In his campaign manifesto, Joe Biden pledged to ban new oil and gas leasing and permitting on federal land and water. These make a prime source of fossil fuels, accounting for 22% of total US oil output. The move is unlikely to hit too hard in the short to medium-term. Yet looking further ahead, analysts at S&P Global Platts reckon it could knock up to 2 mbpd from total US oil and gas production by the end of 2024.
Other mooted measures aimed at limiting fresh supply from the fossil fuel industry is ending tax subsidies, which are worth about $20 billion per year. There is also talk of modifying royalties to account for climate costs and introducing a carbon tax to limit greenhouse gases. Couple this with a tightening of the regulatory screws and the key takeaway is that fracking will likely become more expensive under Biden. Indeed, analysts at Goldman Sachs reckon the increase in the cost of production could be between $5 and $6 a barrel.

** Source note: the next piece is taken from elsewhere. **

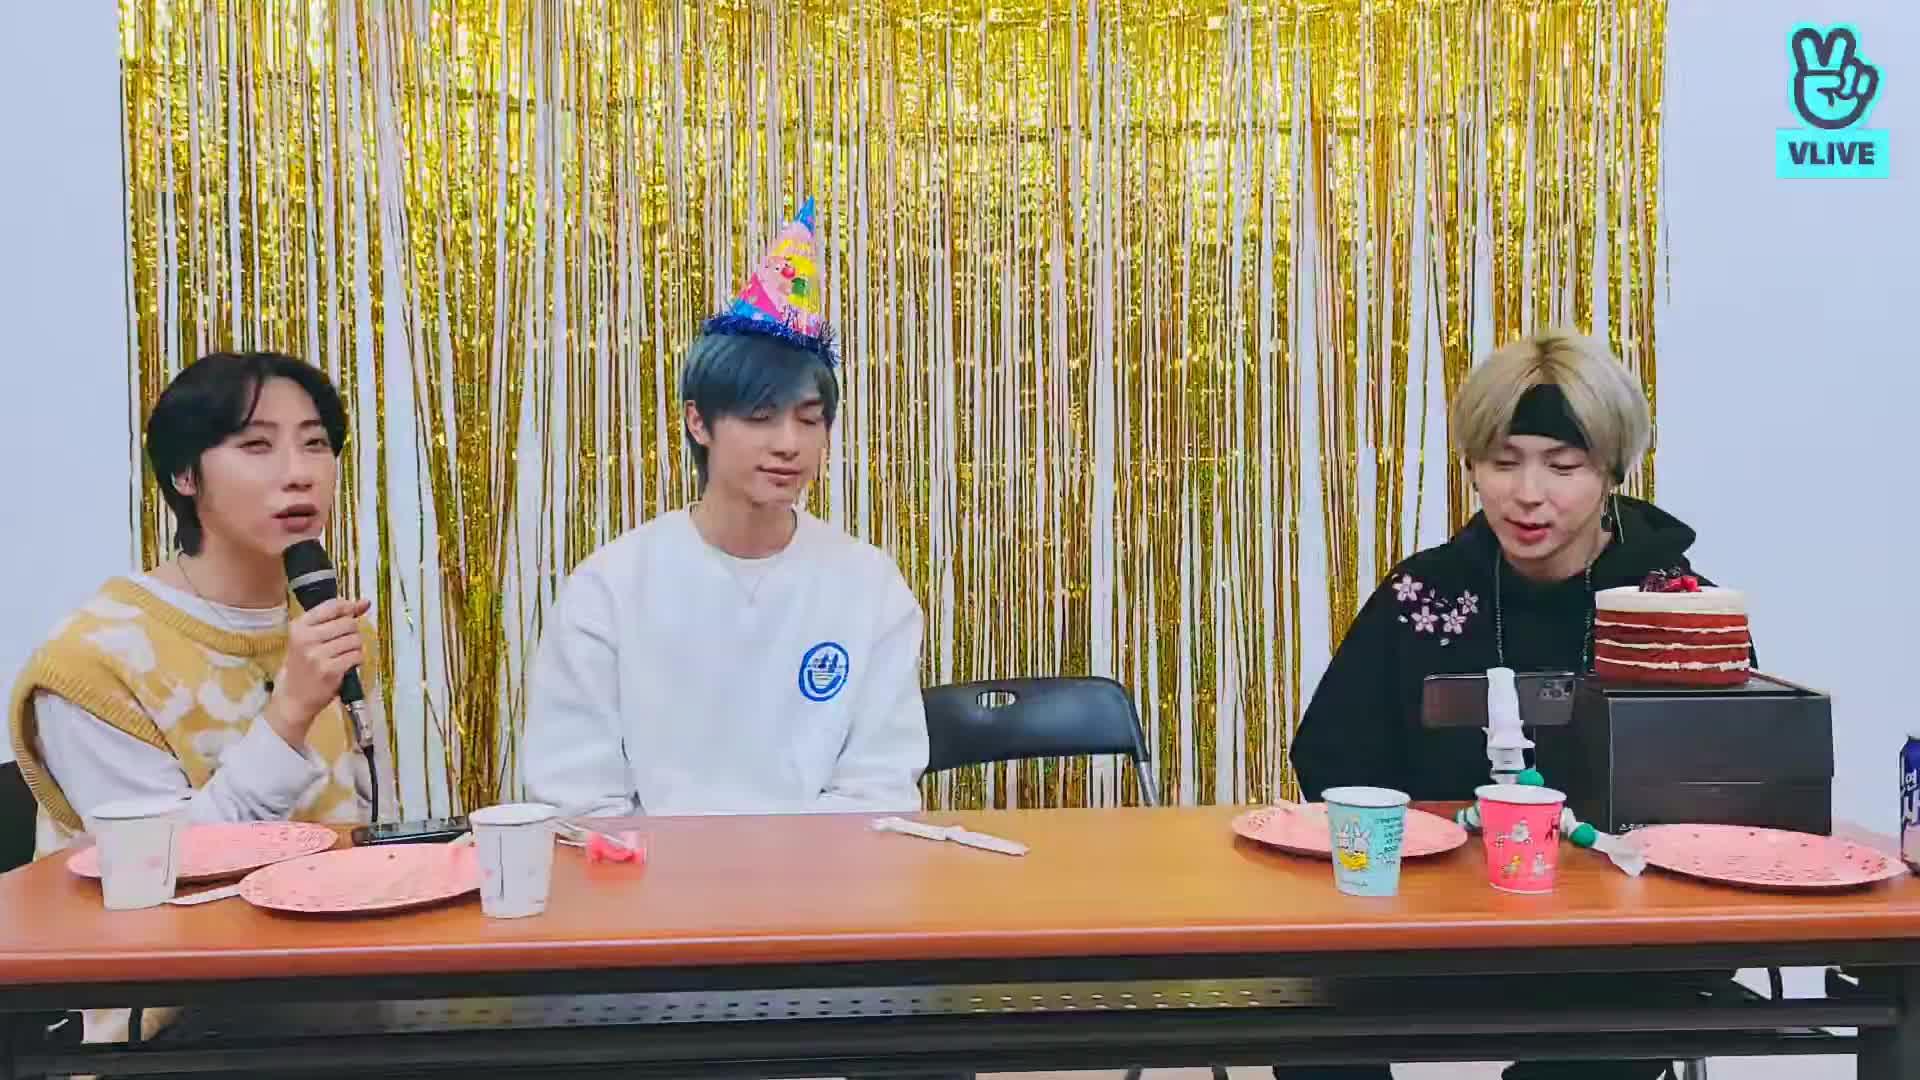 강현구 (님)의 23번째 생일을 진심으로 축하드려봅니다.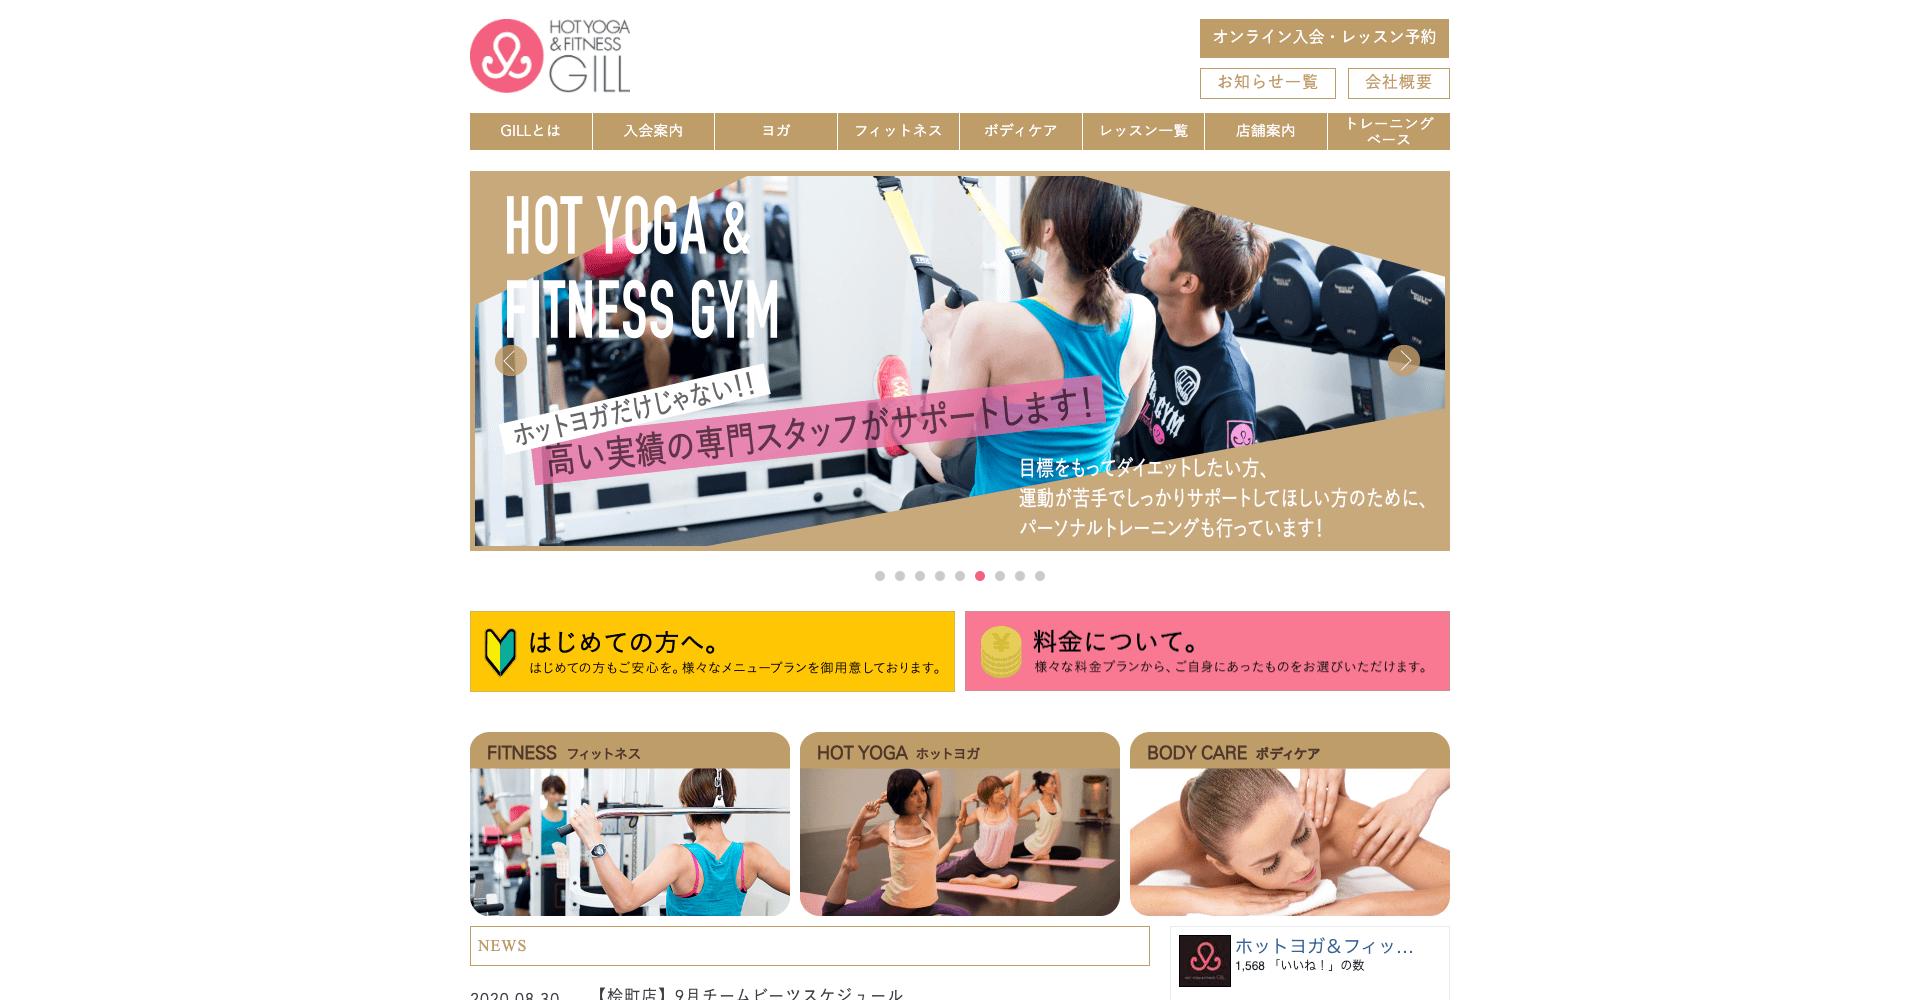 ホットヨガ&フィットネス ジル 西田店

And it’s not only US shale producers that will likely be worse off from a Biden presidency. States and local governments reliant on tax revenues from oil production will be left with a sizeable hole in their finances. All the while, depressing growth in the domestic US oil and gas business may lead to an increase in reliance on foreign energy. Needless to say, this will quash any lingering hopes of American energy independence.
It is easy to portray Joe Biden as the party pooper of the oil and gas industry. After all, he is poised to propel green energy segments forward at the expense of hydrocarbons. However, it must be noted that other factors are also at play. Market forces are increasingly focused on renewables. A prime example is the growing demand for clean energy adoption of electric vehicles. The transition away from fossil fuels is therefore already under way in America. The Biden presidency will merely reinvigorate this process after being hampered by Trump’s school of science.